2023 Basketball Champions League Final Four
- Season: 2022–23 season

Tournament details
- Arena: Palacio de Deportes José María Martín Carpena Málaga, Spain
- Dates: 12–14 May 2023

Final positions
- Champions: Telekom Baskets Bonn (1st title)
- Runners-up: Hapoel Jerusalem
- Third place: Lenovo Tenerife
- Fourth place: Unicaja

Awards and statistics
- MVP: T. J. Shorts (Telekom Baskets Bonn)
- Top scorer(s): T. J. Shorts (Telekom Baskets Bonn) – 50 points
- Attendance: 42,741 (10,683 per game)

= 2023 Basketball Champions League Final Four =

European club basketball tournament

The 2023 Basketball Champions League (BCL) Final Four was the 7th Basketball Champions League tournament and the 5th in the format of Final Four. It was the concluding phase of the 2022–23 Basketball Champions League season.

It was the first time the tournament was held in Málaga. The championship was won by Telekom Baskets Bonn, who became the first German BCL champions. They defeated runners-up Hapoel Jerusalem in the final.

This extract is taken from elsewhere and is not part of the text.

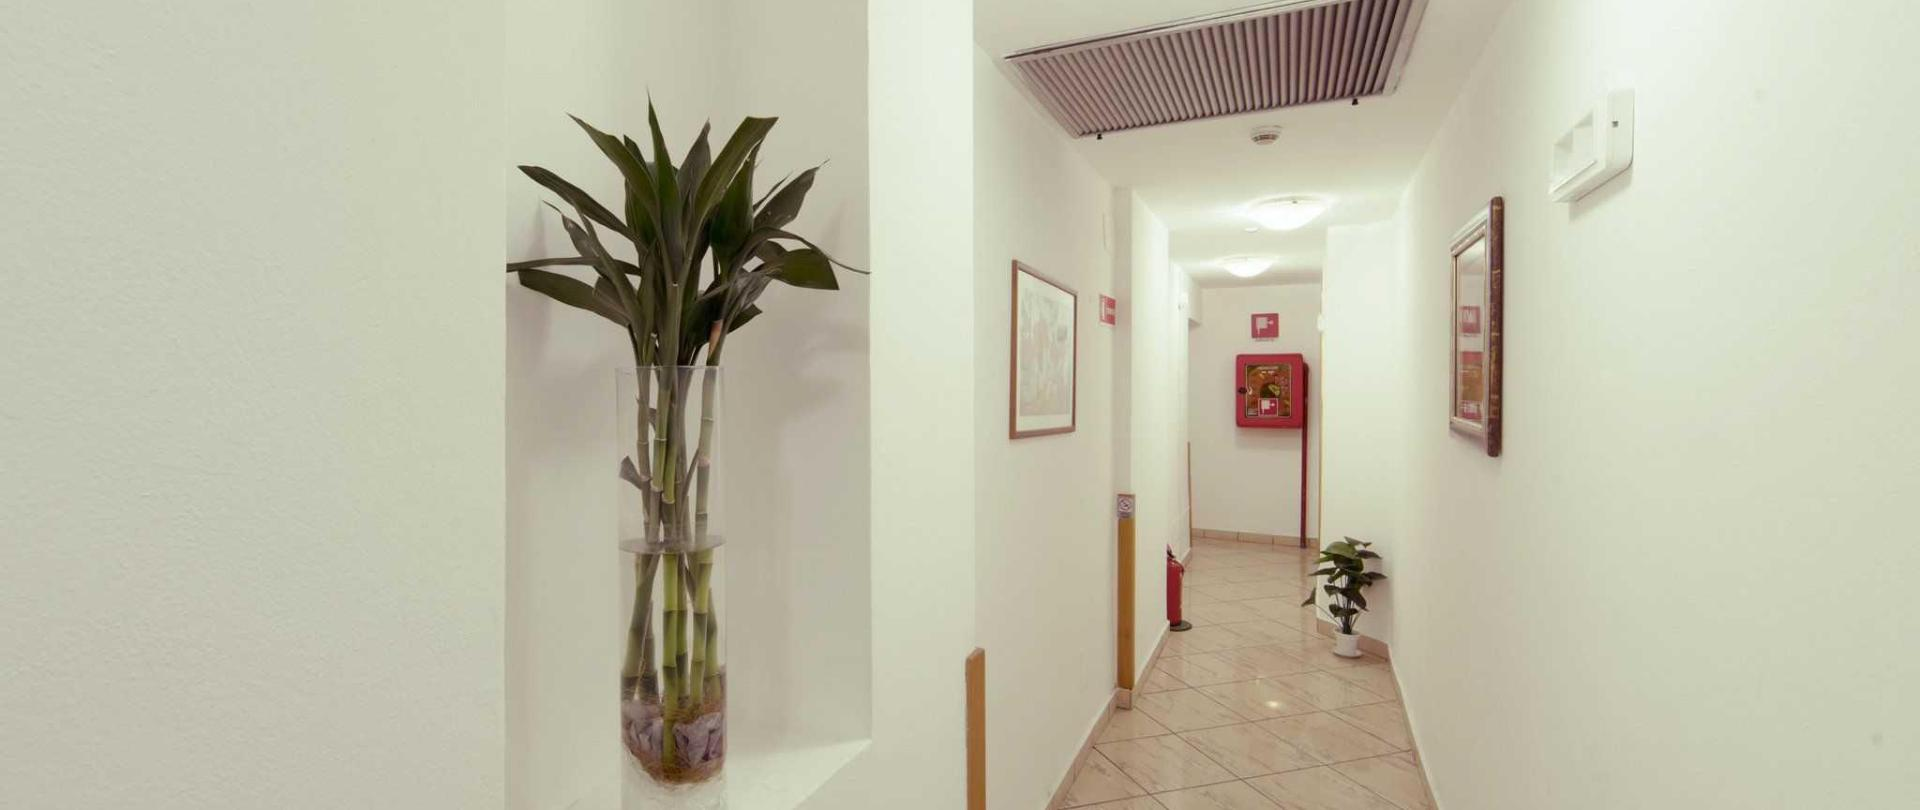 room-000-1.jpg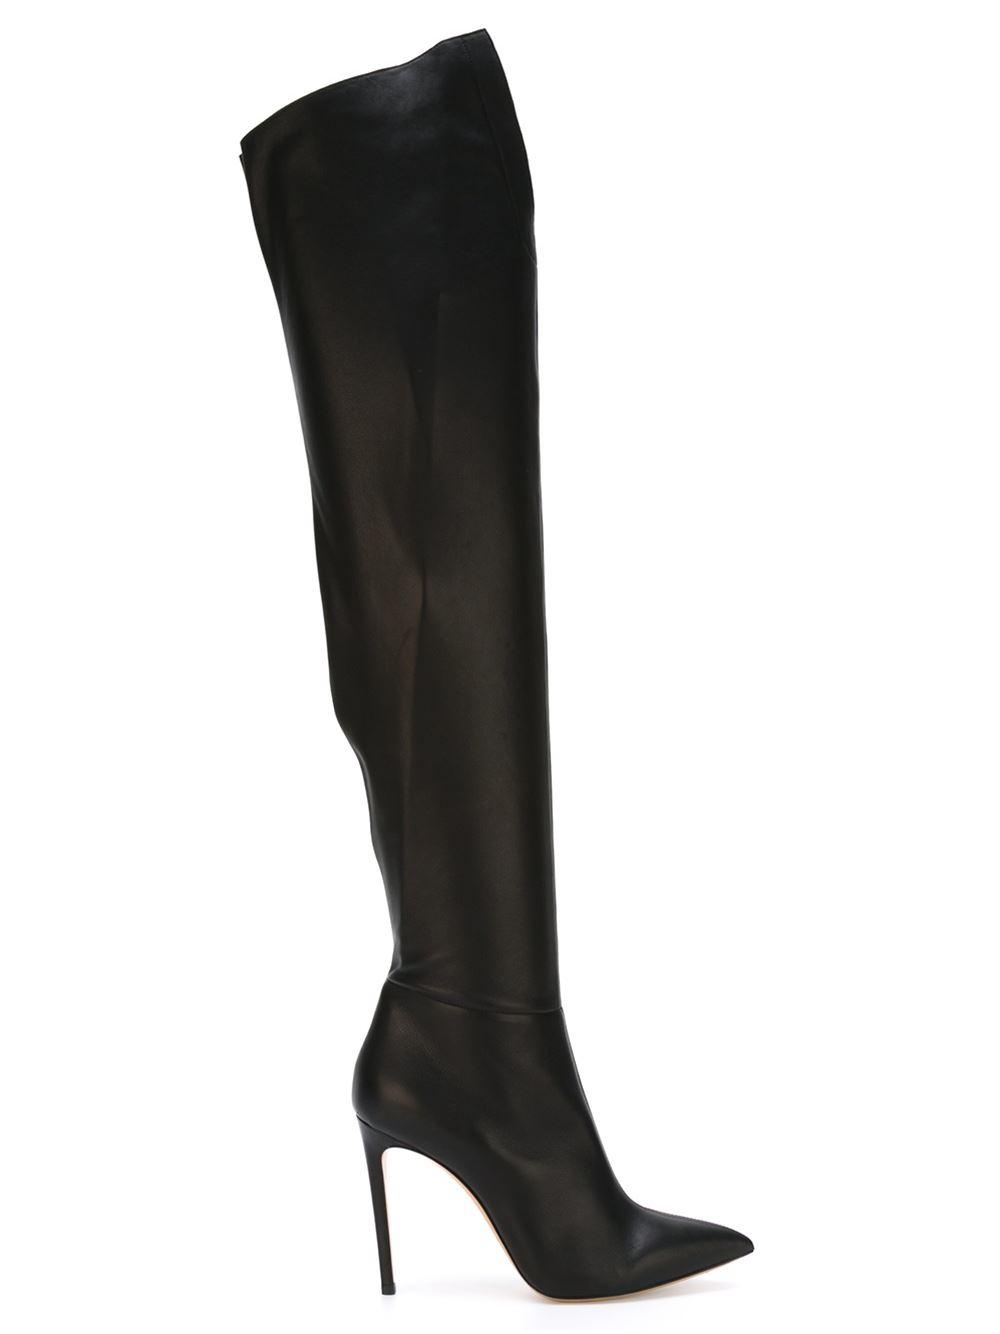 casadei thigh high stiletto boots in black lyst

Lenovo Tenerife finished in third place, Unicaja in fourth place.

Telekom Baskets guard T. J. Shorts won the Final Four MVP award, becoming the first player in league history to win both the season MVP and Final Four MVP award in the same season. He scored 50 points in his two games, setting a new record for most points by a player, formerly held by Kevin Punter (2018). Shorts also set a record for most points in both a final four game by scoring 29 points in the final.

==Venue==
The Palacio de Deportes José María Martín Carpena hosted the final tournament for the first time.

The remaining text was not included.